Brief: Pictures stay out, but every line of the data is copied exactly.

┌─ Given data

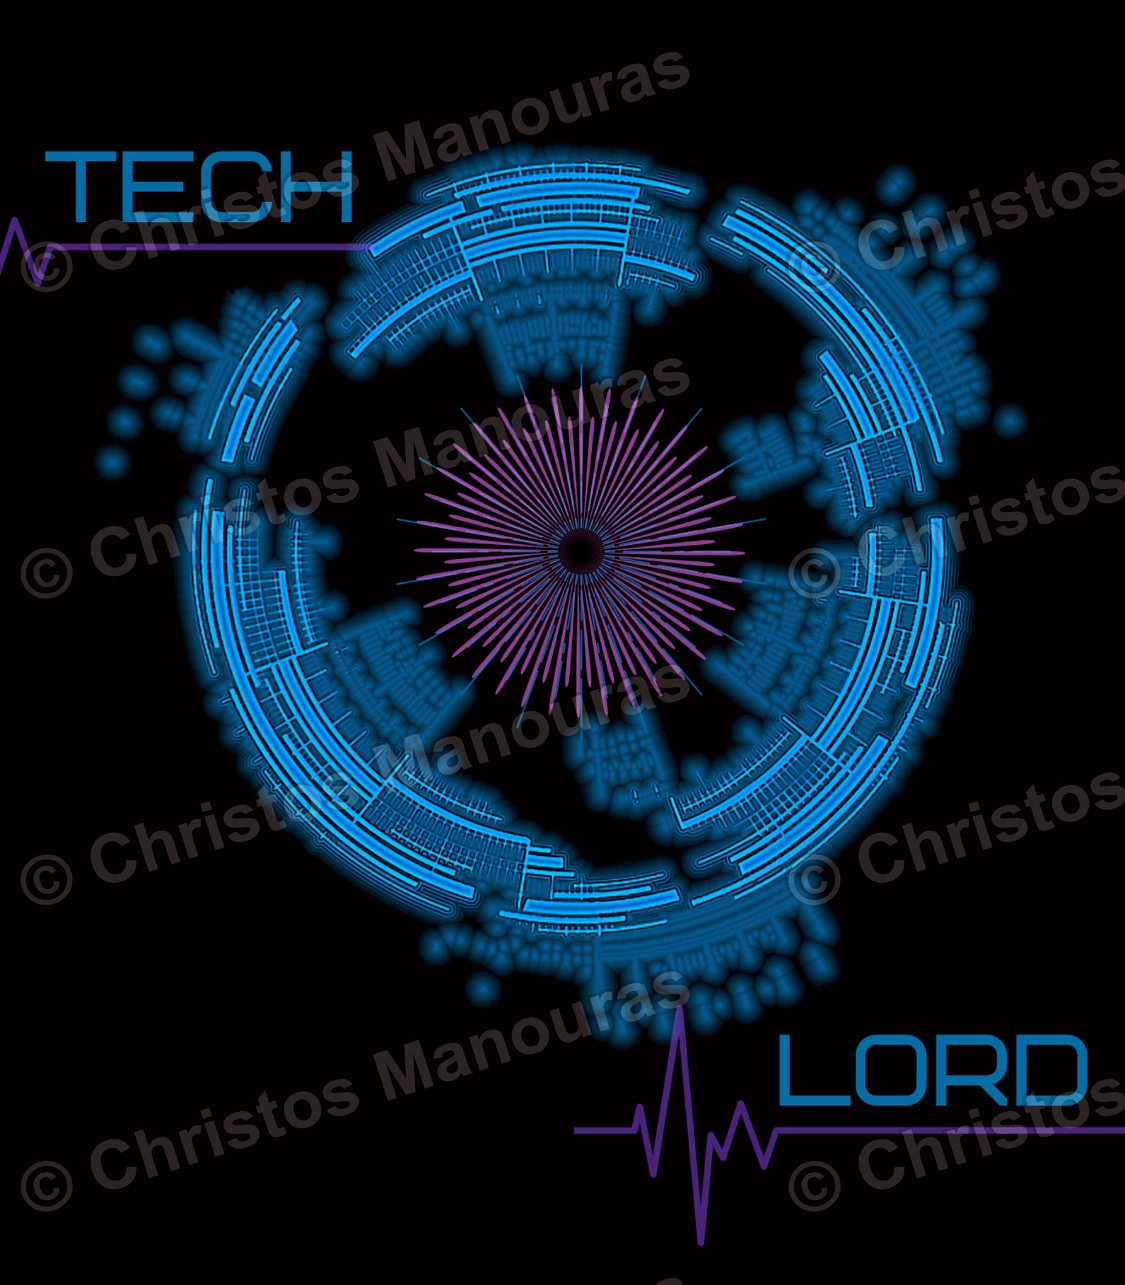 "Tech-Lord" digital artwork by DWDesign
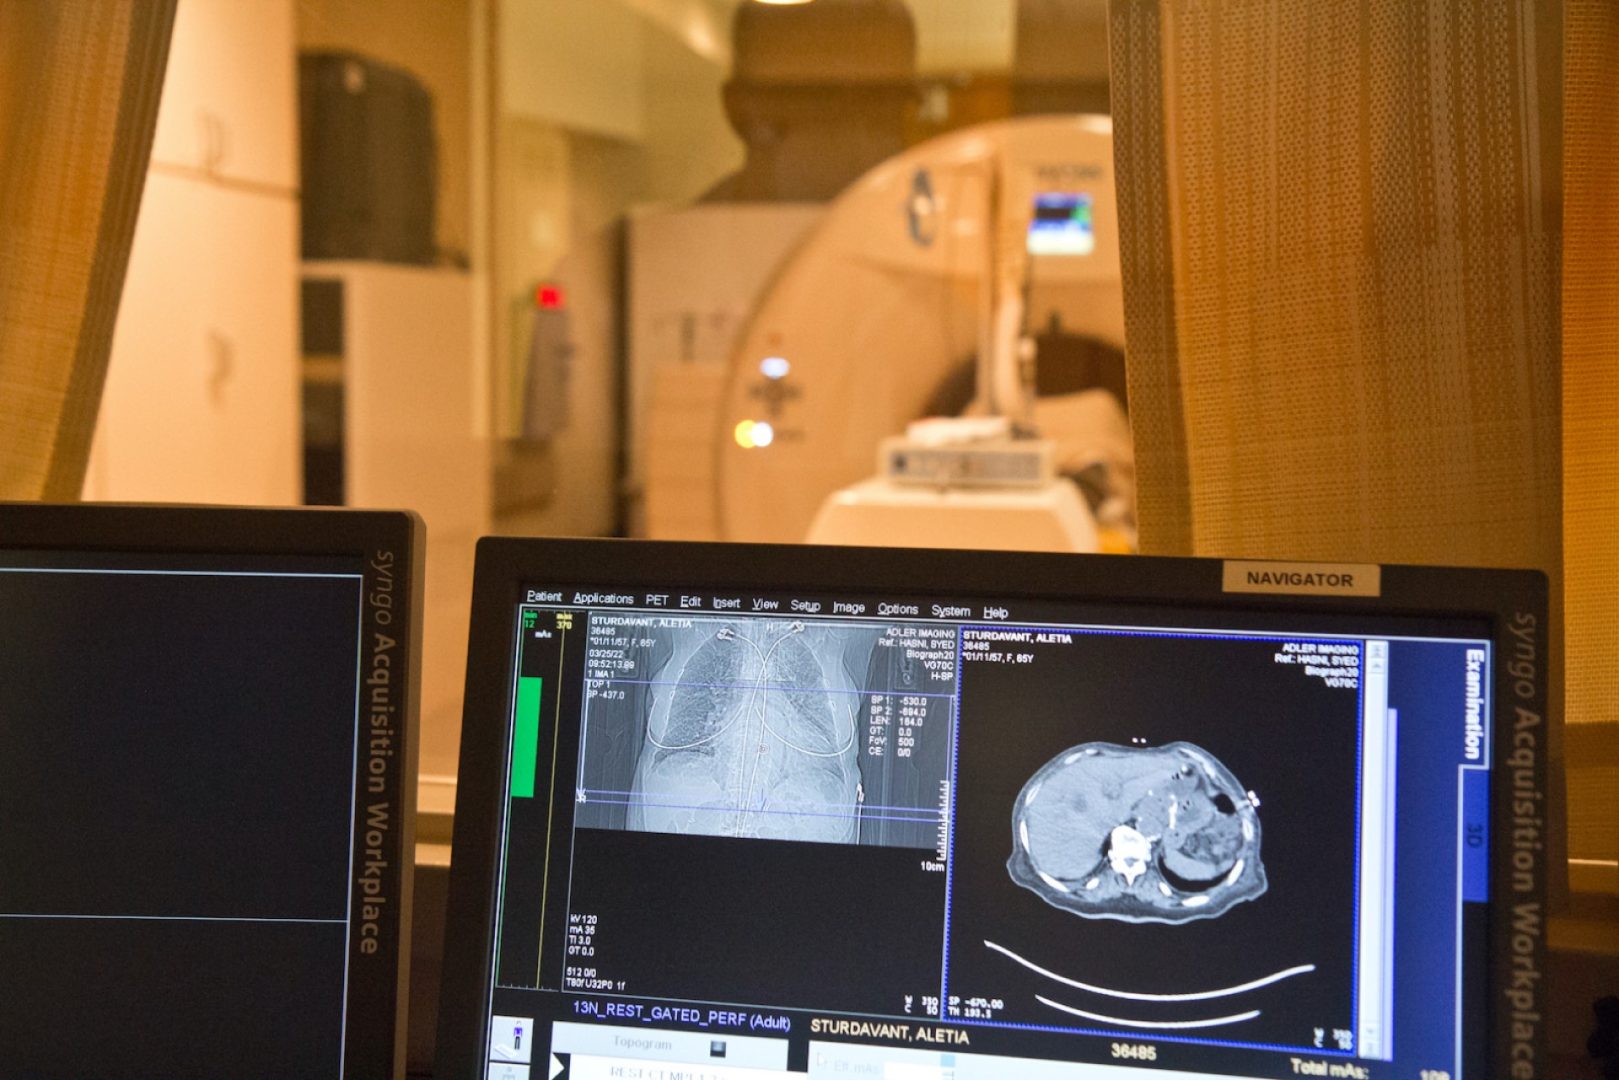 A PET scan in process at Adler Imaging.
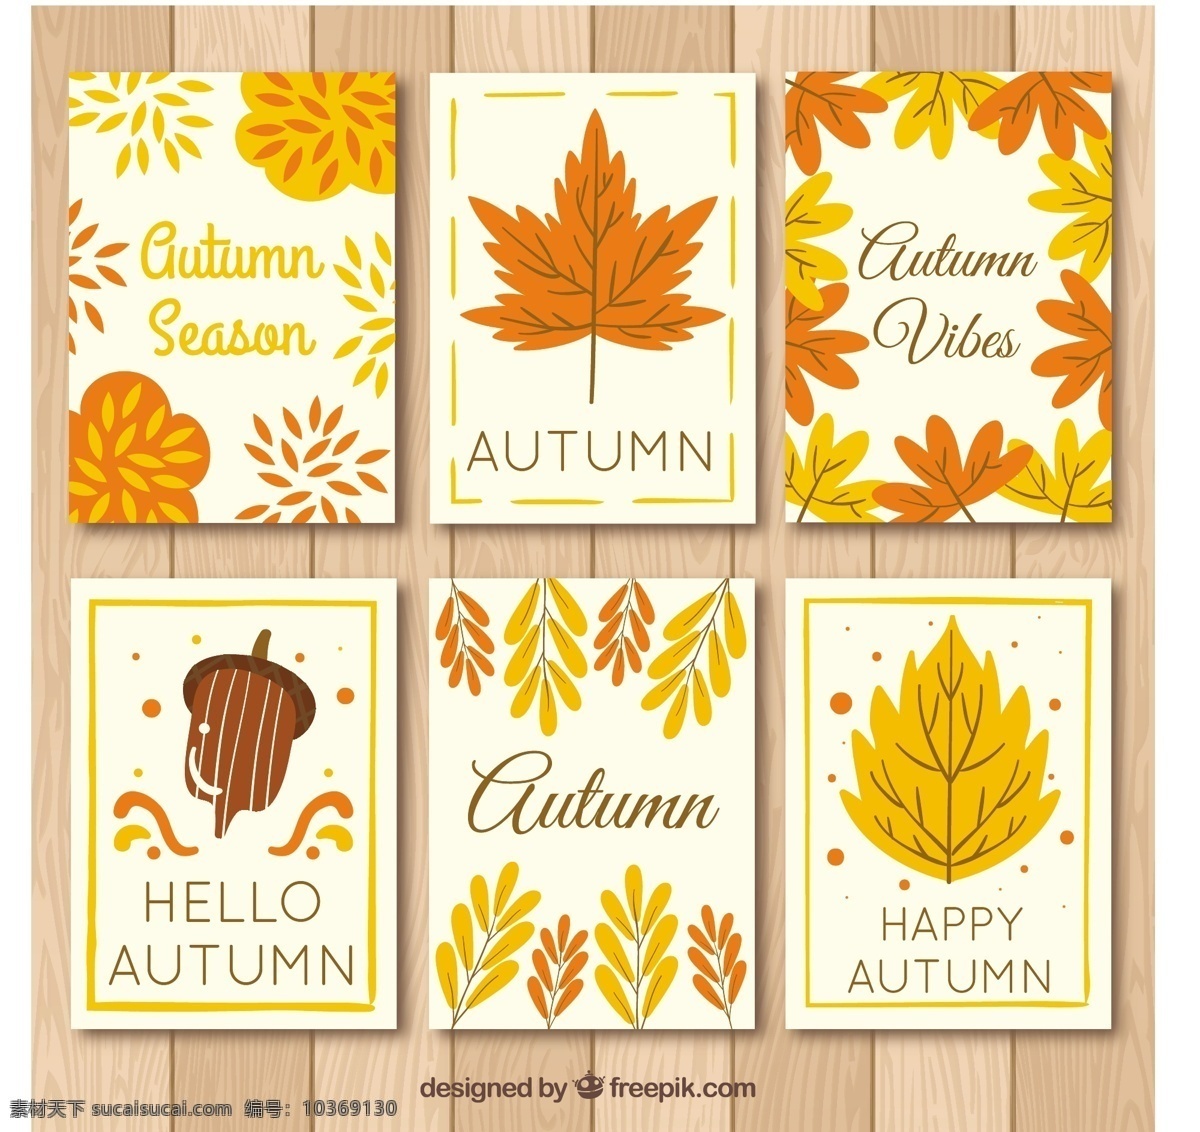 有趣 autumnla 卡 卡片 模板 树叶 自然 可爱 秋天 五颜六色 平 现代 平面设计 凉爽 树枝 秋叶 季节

└─

Your solution:
 "Tech-Lord" digital artwork by DWDesign
 A PET scan in process at Adler Imaging.
 有趣 autumnla 卡 卡片 模板 树叶 自然 可爱 秋天 五颜六色 平 现代 平面设计 凉爽 树枝 秋叶 季节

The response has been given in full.